**YOUR OBJECTIVE:** Where a line has odd spacing or punctuation, keep it; transcribe all the entries exactly.

**MATERIAL SUPPLIED:**
______
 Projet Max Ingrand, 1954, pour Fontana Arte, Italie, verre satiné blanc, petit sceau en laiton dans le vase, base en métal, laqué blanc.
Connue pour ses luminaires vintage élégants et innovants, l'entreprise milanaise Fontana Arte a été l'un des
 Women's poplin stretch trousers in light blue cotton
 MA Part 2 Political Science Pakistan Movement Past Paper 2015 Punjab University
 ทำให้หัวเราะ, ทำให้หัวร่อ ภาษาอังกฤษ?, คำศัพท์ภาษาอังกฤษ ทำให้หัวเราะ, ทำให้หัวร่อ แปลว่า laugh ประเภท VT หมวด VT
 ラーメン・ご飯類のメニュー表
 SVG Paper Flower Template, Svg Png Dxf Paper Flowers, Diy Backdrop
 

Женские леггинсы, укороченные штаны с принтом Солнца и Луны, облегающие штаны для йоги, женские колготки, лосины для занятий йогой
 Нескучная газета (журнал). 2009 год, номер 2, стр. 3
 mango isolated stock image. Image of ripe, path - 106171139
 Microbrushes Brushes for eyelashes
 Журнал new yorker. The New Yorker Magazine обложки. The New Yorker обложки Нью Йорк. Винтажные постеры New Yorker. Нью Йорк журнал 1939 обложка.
______
**SOLVED PROBLEM:**
 Projet Max Ingrand, 1954, pour Fontana Arte, Italie, verre satiné blanc, petit sceau en laiton dans le vase, base en métal, laqué blanc.
Connue pour ses luminaires vintage élégants et innovants, l'entreprise milanaise Fontana Arte a été l'un des
 Women's poplin stretch trousers in light blue cotton
 MA Part 2 Political Science Pakistan Movement Past Paper 2015 Punjab University
 ทำให้หัวเราะ, ทำให้หัวร่อ ภาษาอังกฤษ?, คำศัพท์ภาษาอังกฤษ ทำให้หัวเราะ, ทำให้หัวร่อ แปลว่า laugh ประเภท VT หมวด VT
 ラーメン・ご飯類のメニュー表
 SVG Paper Flower Template, Svg Png Dxf Paper Flowers, Diy Backdrop
 

Женские леггинсы, укороченные штаны с принтом Солнца и Луны, облегающие штаны для йоги, женские колготки, лосины для занятий йогой
 Нескучная газета (журнал). 2009 год, номер 2, стр. 3
 mango isolated stock image. Image of ripe, path - 106171139
 Microbrushes Brushes for eyelashes
 Журнал new yorker. The New Yorker Magazine обложки. The New Yorker обложки Нью Йорк. Винтажные постеры New Yorker. Нью Йорк журнал 1939 обложка.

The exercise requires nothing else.